Would you consider a birth mom who was homeless, been abused, incarcerated, raped, uneducated, unemployed, on welfare?
How important is her medical history to you? What if she's diabetic? Overweight? Epileptic? Has past addictions? Had cancer? Is bipolar? Has ADHD? Has an STD? Tests for drugs and/or alcohol? Smokes?

Oh my gosh, it's A LOT to take in! Age and ethnicity are easy to approach and some of them you think (drugs, mental illness), "oh no, I could never!" But then you sit back and really think about it and you want a child so desperately and have to dig deep and evaluate your true feelings and what you can truly handle and accept. And I think we could. I have friends with children with special needs and they exhibit beautifully what it means to love unconditionally. That's very important information to take in. They move on to how open you want the adoption - open, semi-open or closed. I used to think I'd want it closed, but all experts recommend semi-open or open because it's the best option for the child as they deserve to know about their birth parents. One of the women shared a poignant story about her son. She had a closed adoption and one day she was helping her son with his homework and he looked at her and asked if he was good at math because of her or because of the woman who gave birth to him. He was always asking little questions like that. She decided that day she would track down the birth mom and days later her son got on the phone with her and got to ask all those questions. Then poof, all his curiosities went away and he seemed at peace. So if that's what is best, I feel like that's what we need to do.
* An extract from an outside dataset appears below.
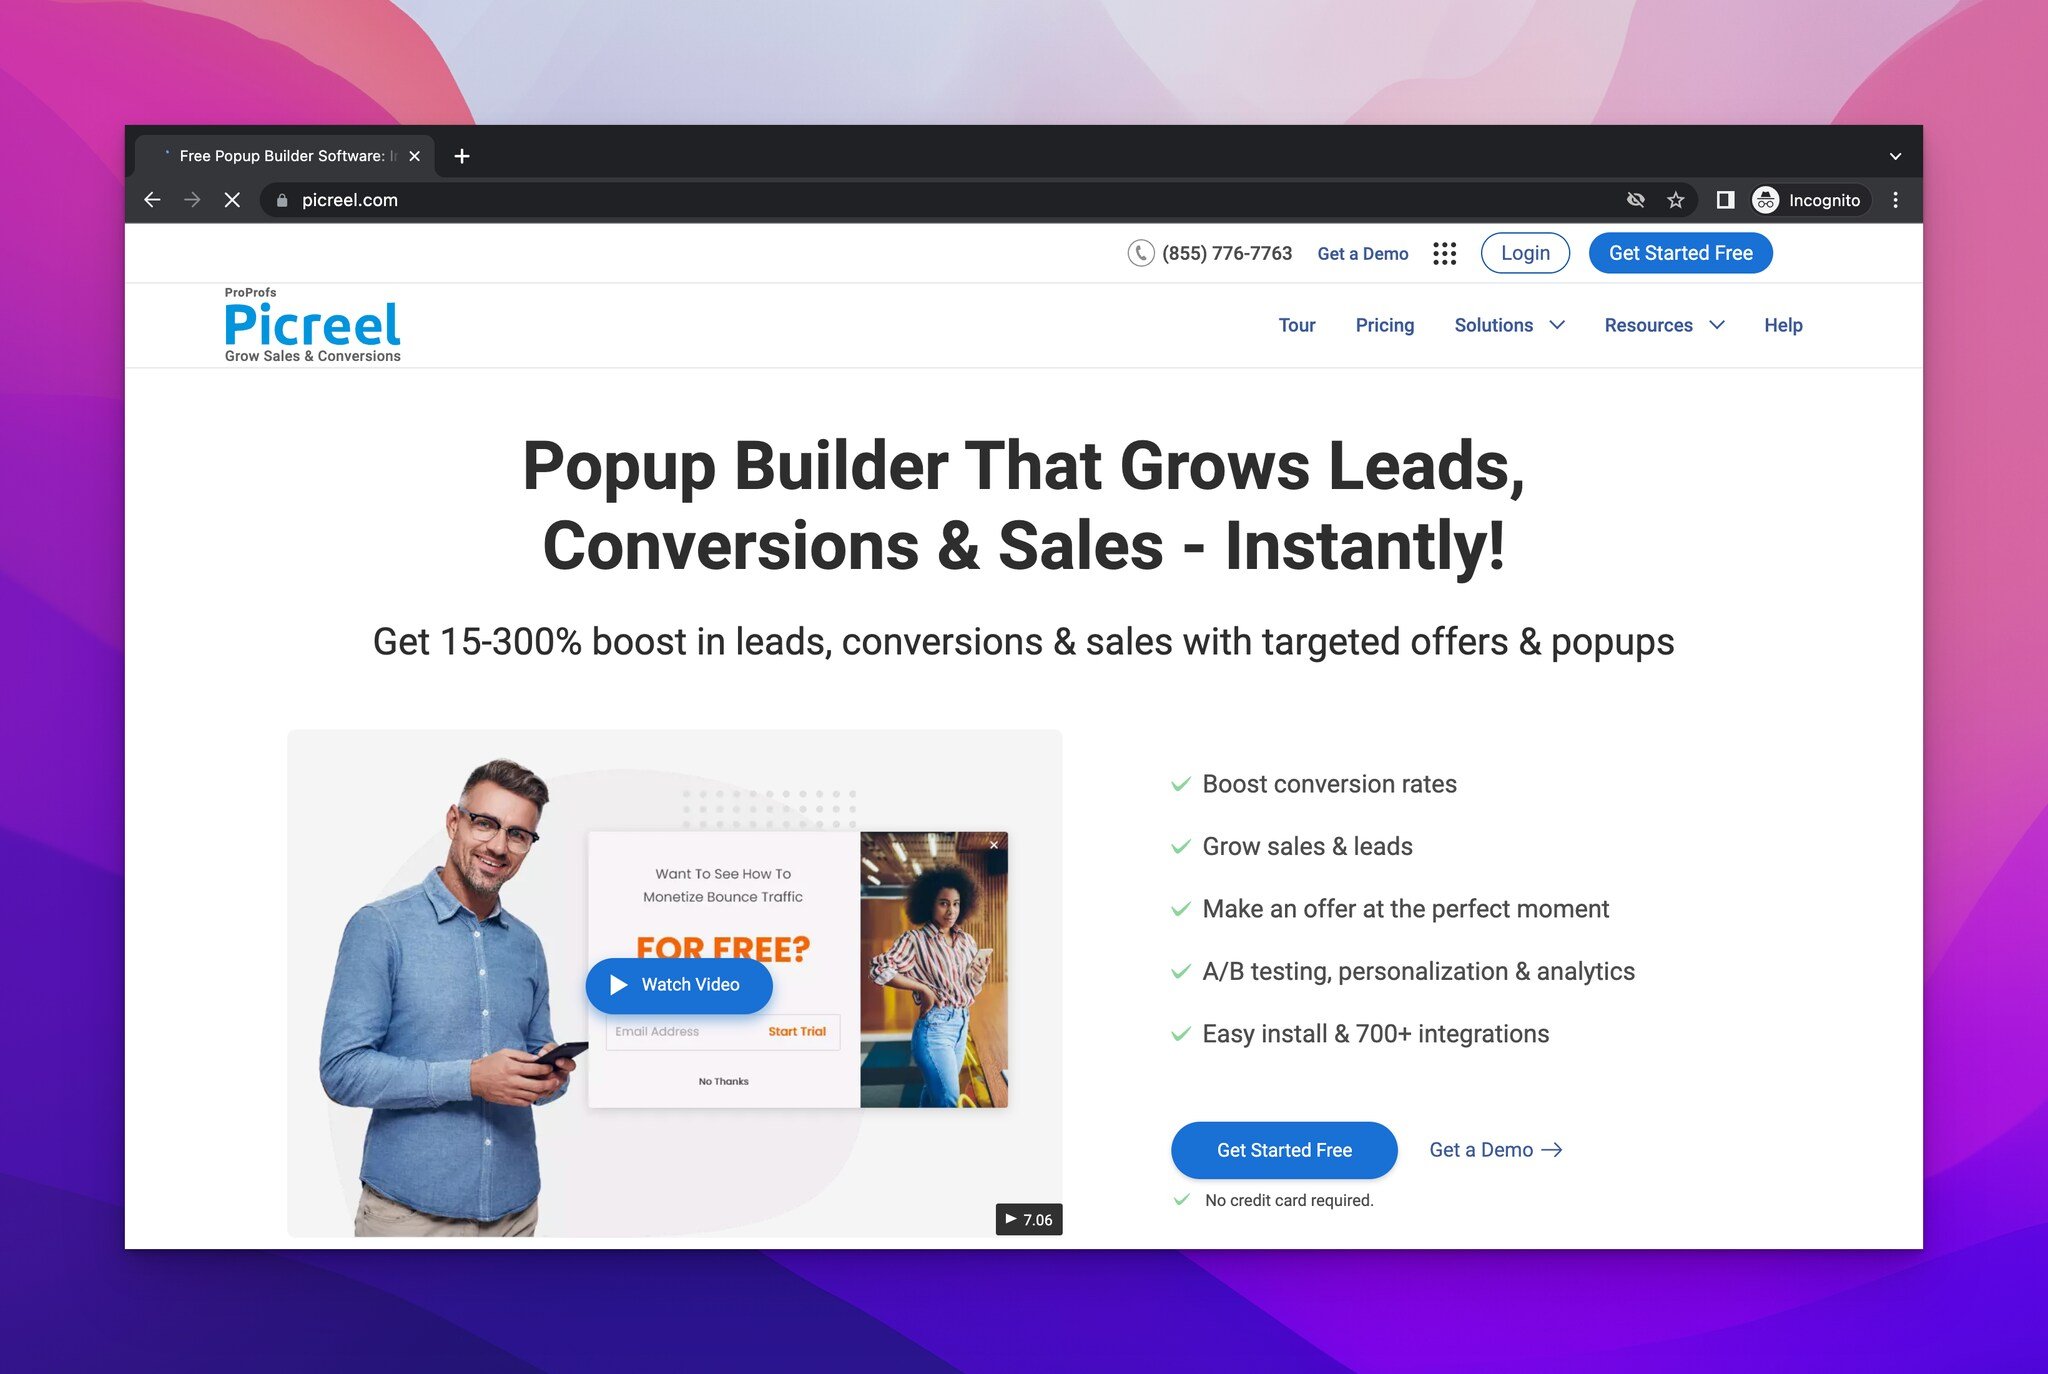 Picreel’s homepage with the headline in the center followed by a video preview with a man holding a mobile phone next to a popup and product features listed on the right.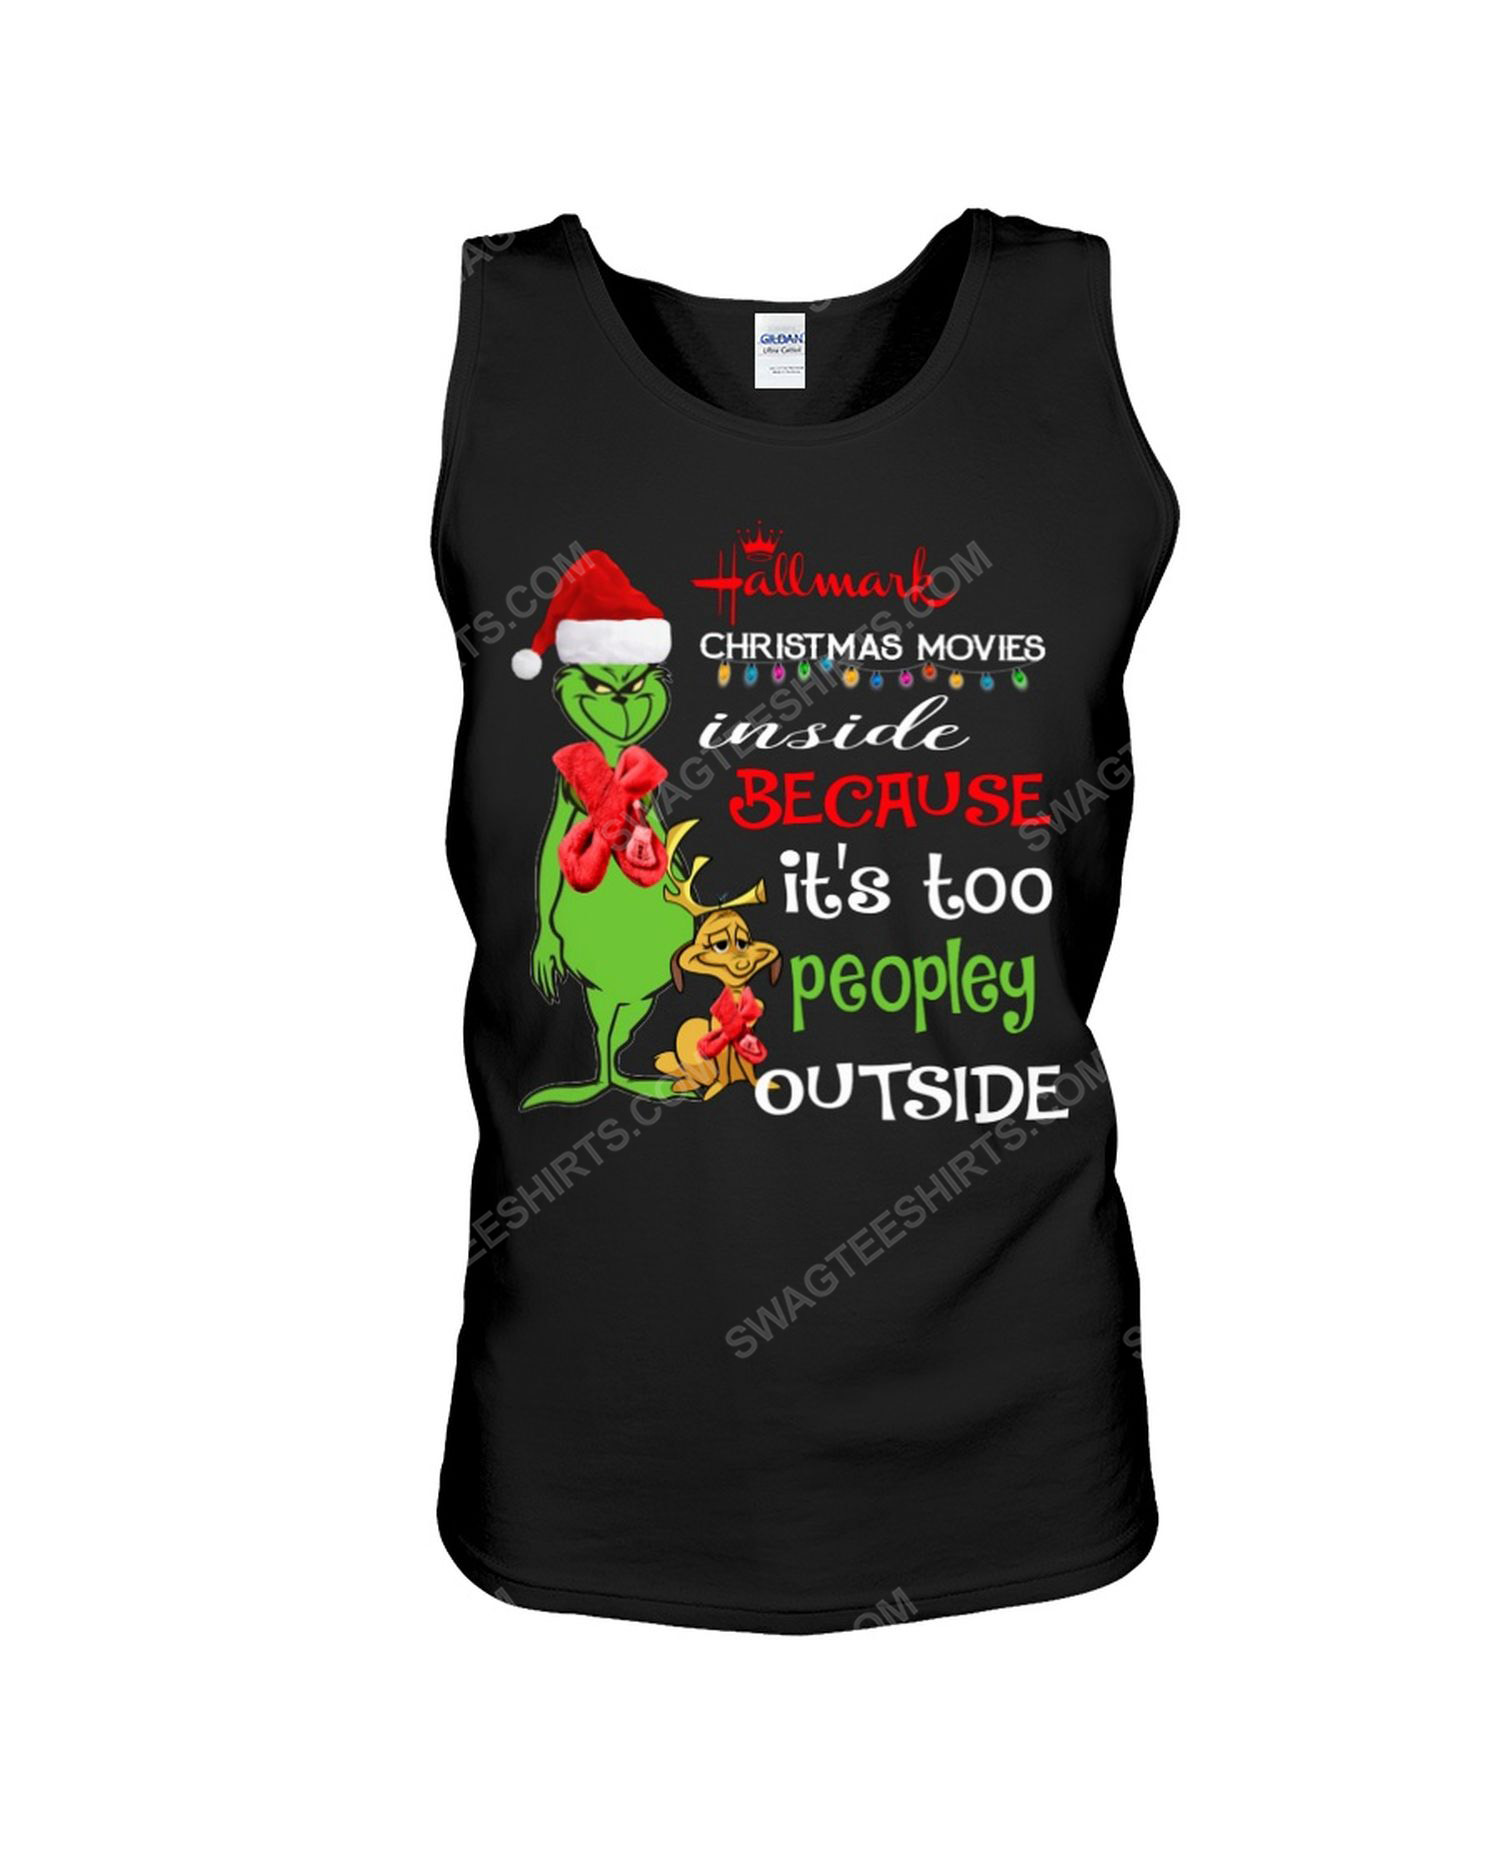 The grinch hallmark christmas movies inside because its too peopley outside christmas grinch tank top

After a lot more talk and many questions from all the couples. My head is starting hurt and Dan is cracking jokes about how I watch Lifetime TV for Women and Marcia says to terminate that channel from our lineup. The topic of financing an adoption comes up. Obviously this is the hurdle for most people. They explain how they work. We pay AIS a small fee and they help us create our "profile book" which is like one of those Kodak photo books with text telling the birth mom all about us and our family, friends, pets, our neighborhood, our house, how we met and what we like to do in our spare time. Then AIS gets to work reaching out to adoption agencies all over the country - notably those in states with favorable adoption policies to match us. Once they find adoptable babies, they send us their profiles (using criteria from our tolerance checklist) and we decide if we want to send our "photo book" to the birth mom to consider us. If she picks us, it's done.....we wire the money to the agency and they filter it to lawyers, the birth mom and other parties involved. Once she's in labor, we are called and we wait at the hospital and the birth mom decides how involved we get to be. We could be in the room, or we could not. Some hospitals allow us to have a private room to wait. Depending on the laws of the state where the baby is born, you have a waiting period for the birth mom to sign the termination papers. Some are 48 hours, 12 hours and some are 10 days! They shared a story of a woman who only had to wait 48 hours for the birth mom to terminate rights but she wasn't allowed in the room and the birth mom's sister and mom and dad were in the room and she was breast feeding the baby. The adoptive mom was freaking out and called AIS and they talked to her to keep her calm and eventually they handed the baby over to her.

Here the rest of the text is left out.